All of the lines below need to be copied exactly, apart from the pictures.

START SUPPLIED INFORMATION

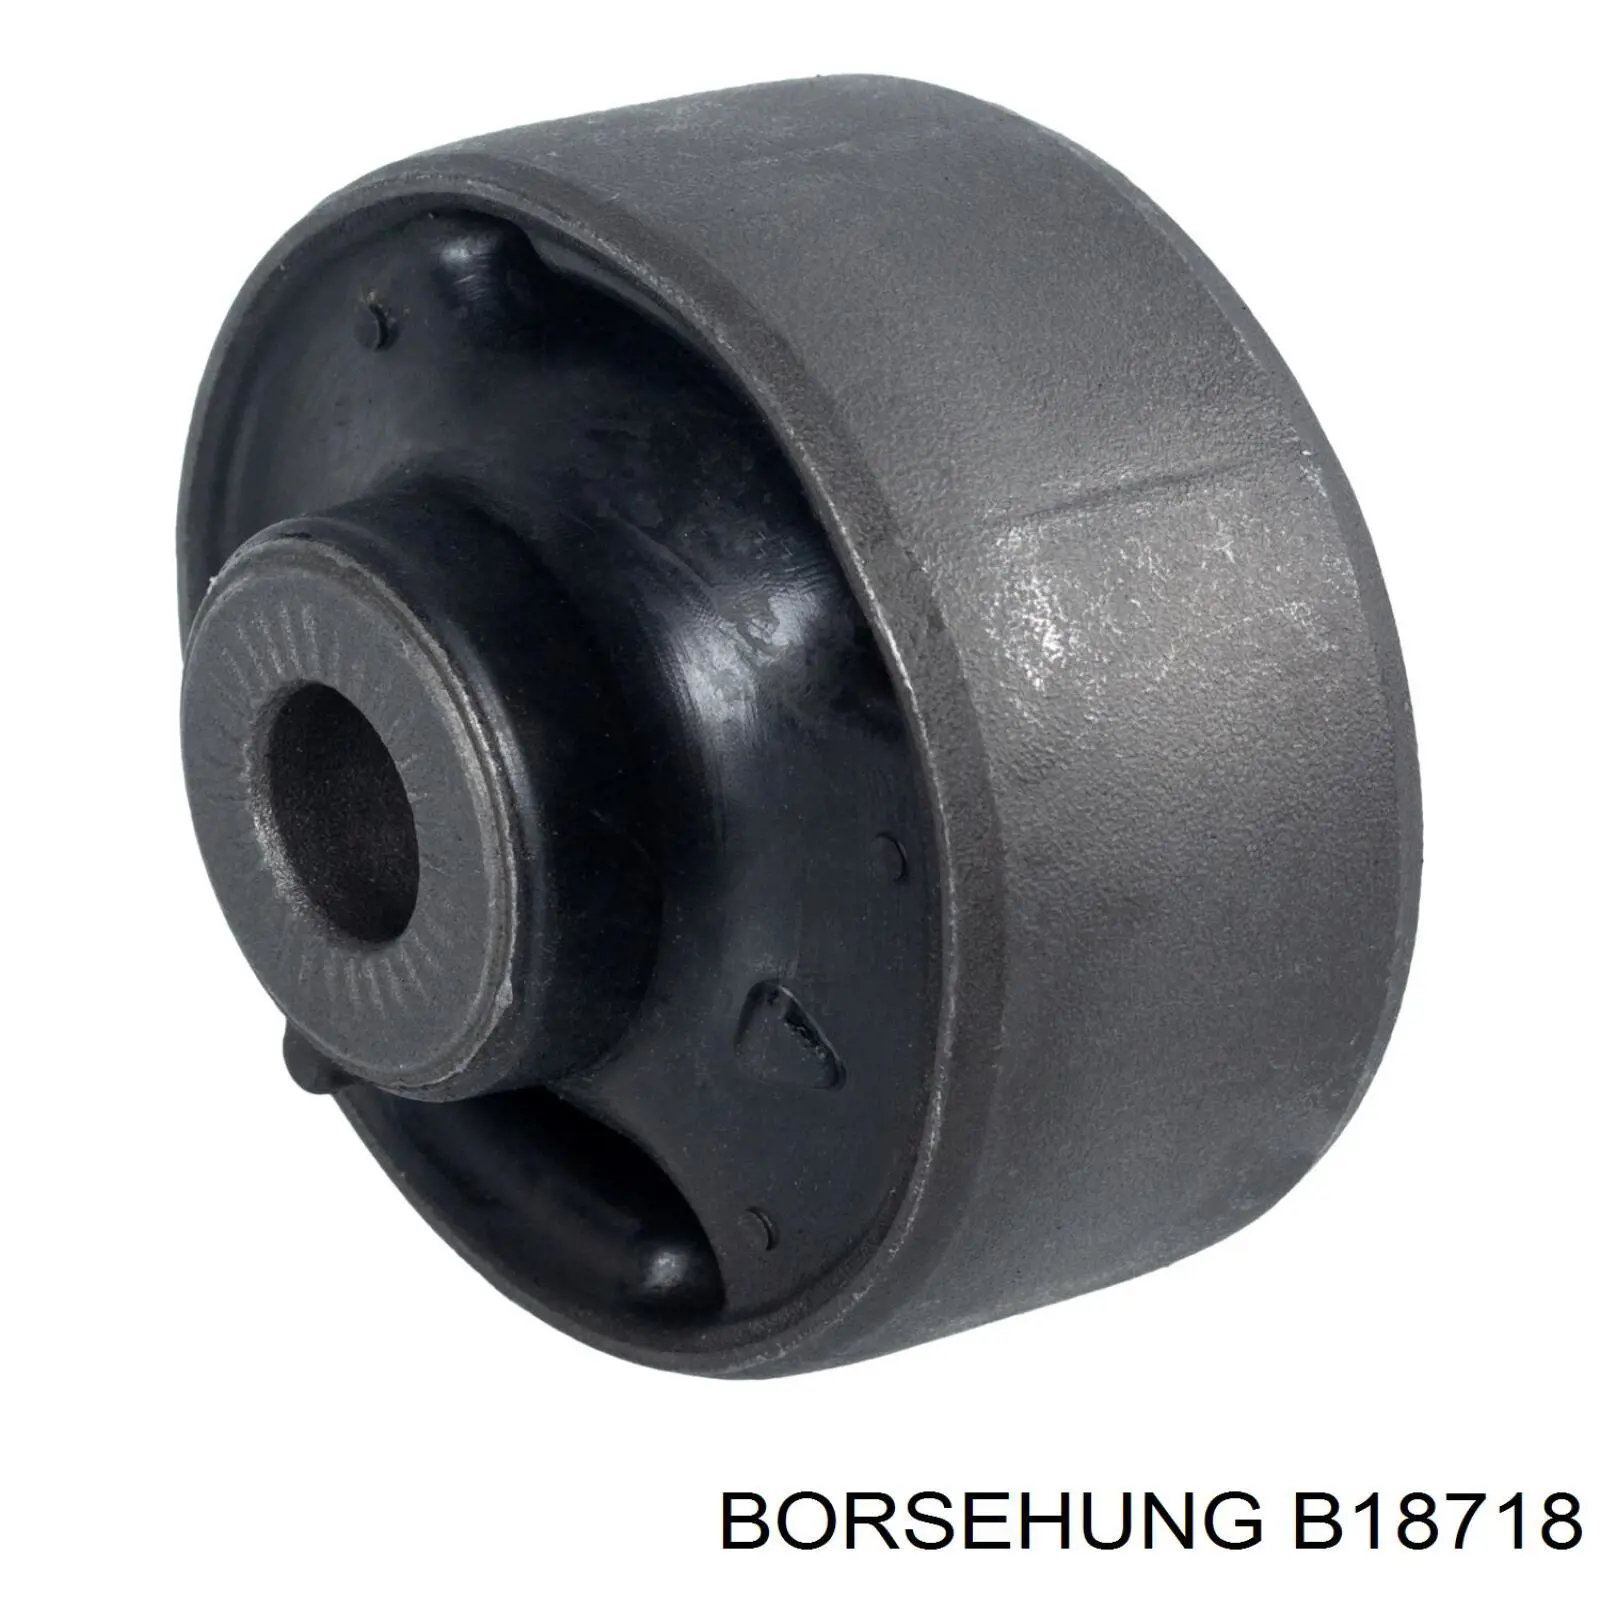 B18718 Borsehung silentblock de suspensión delantero inferior
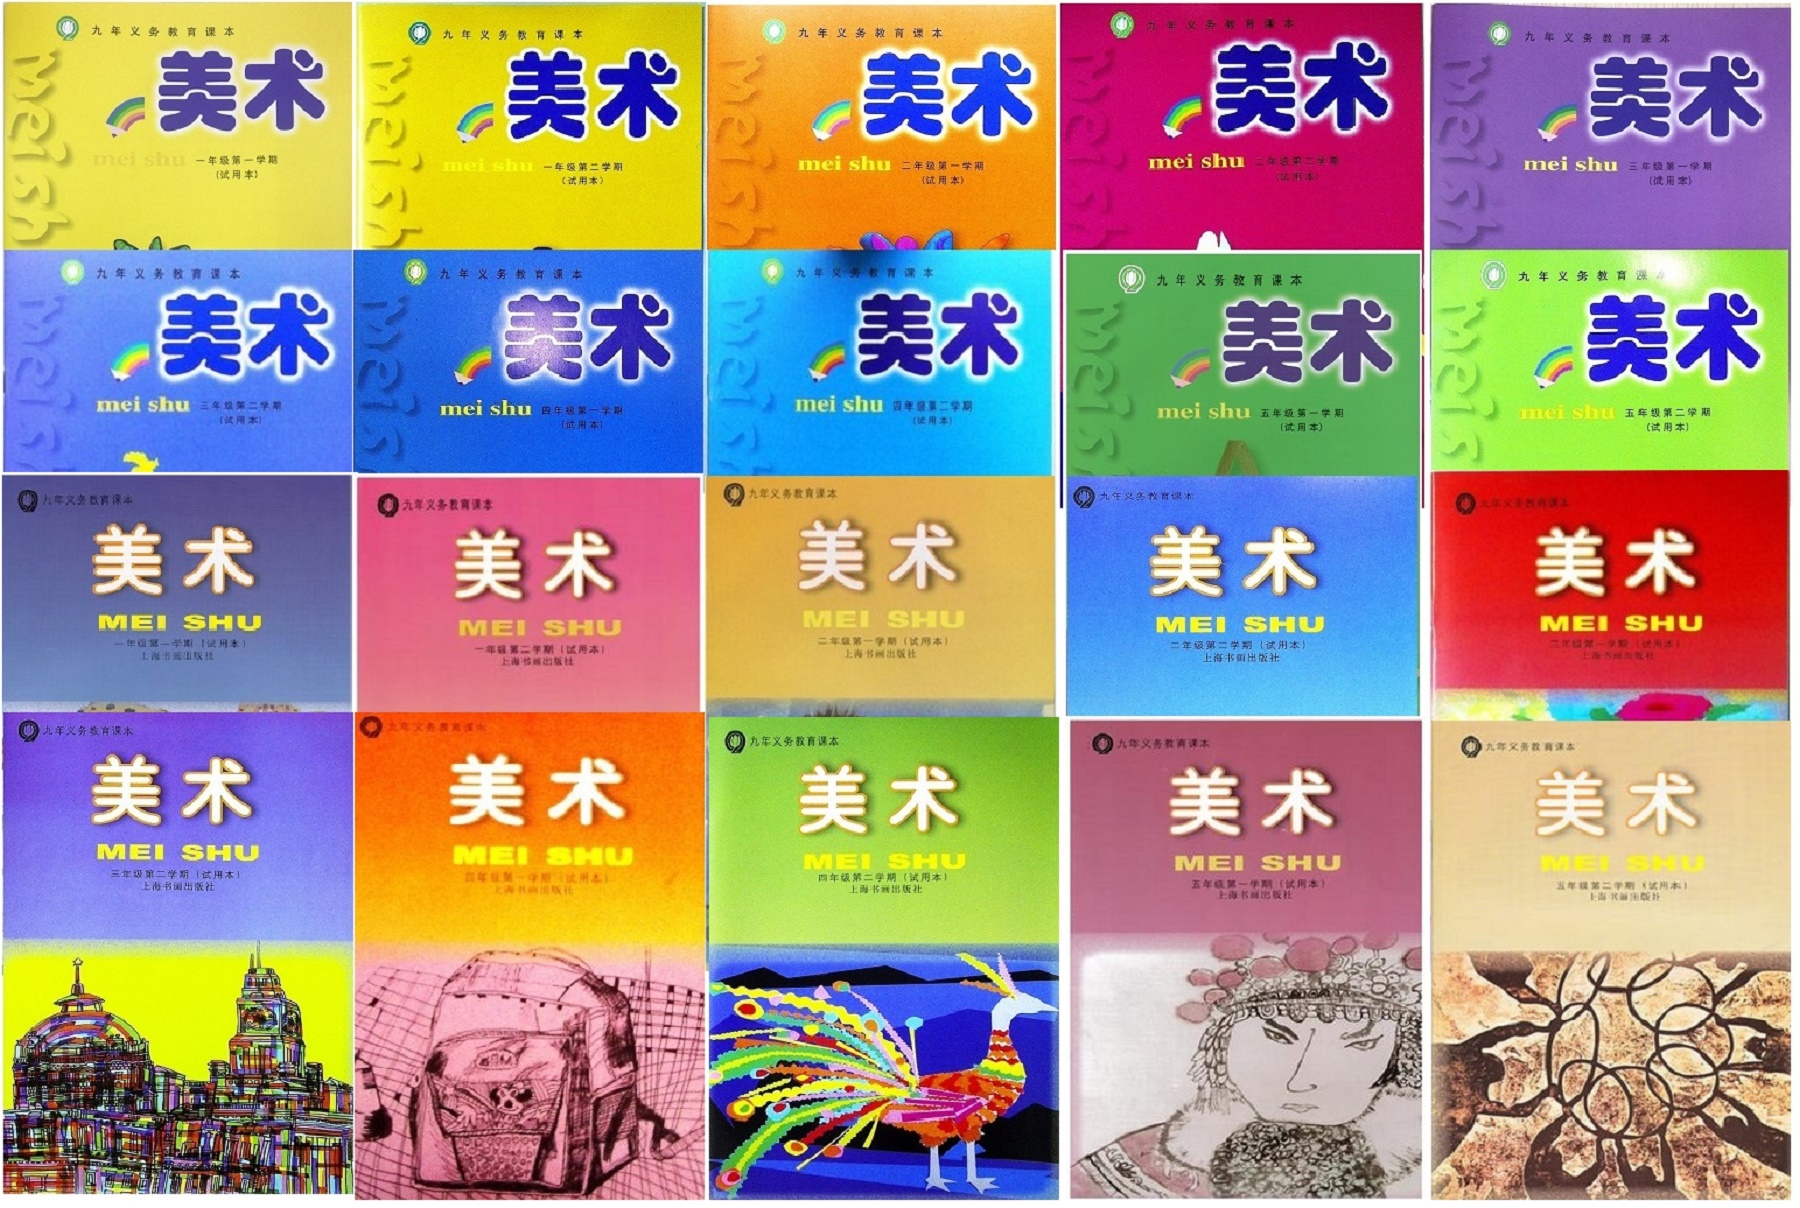 【可单选】上海小学美术一二三四五六年级上下册上海教育版上海书画版课本123456年级第一二学期教材教科书材料
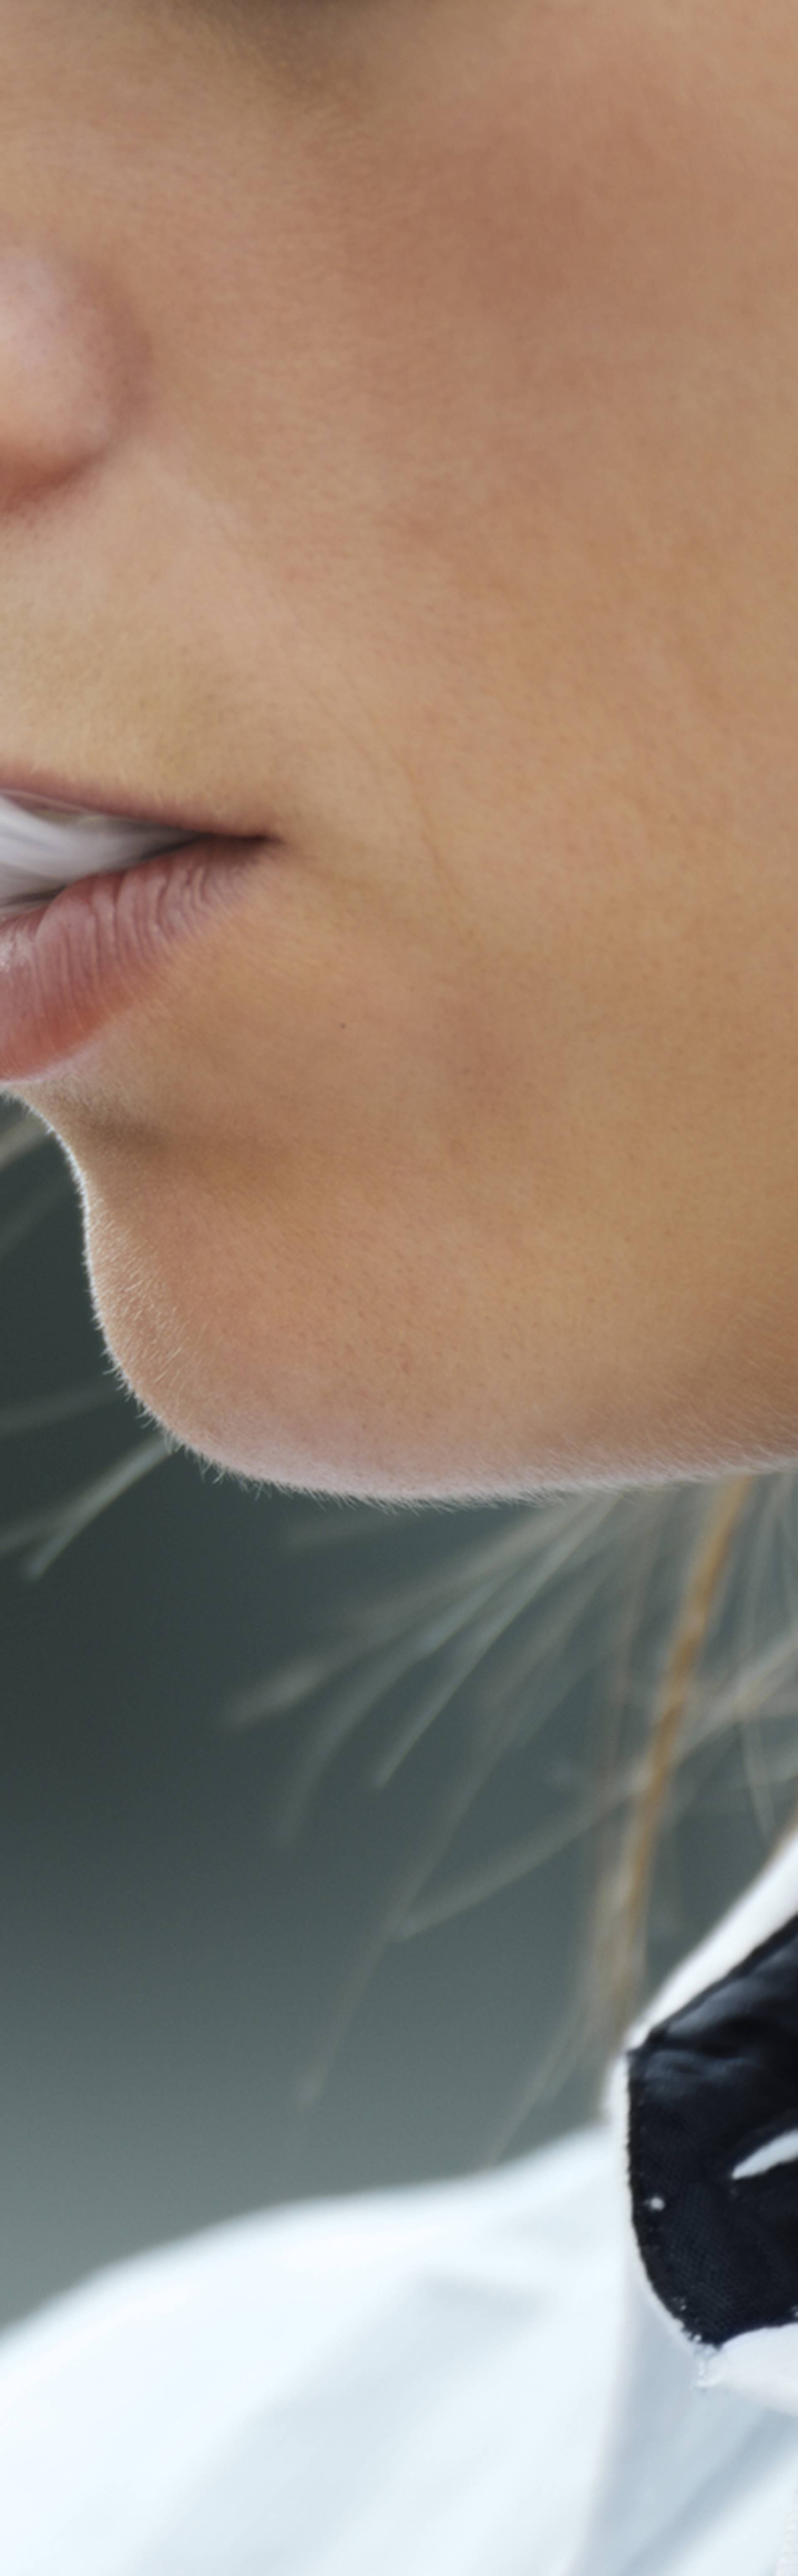 Novi podaci: Uzrok upale pluća iz e-cigareta je acetat vitamina E

END SUPPLIED INFORMATION

▶ _RESPONSE BELOW_:
 B18718 Borsehung silentblock de suspensión delantero inferior
 【可单选】上海小学美术一二三四五六年级上下册上海教育版上海书画版课本123456年级第一二学期教材教科书材料
 Novi podaci: Uzrok upale pluća iz e-cigareta je acetat vitamina E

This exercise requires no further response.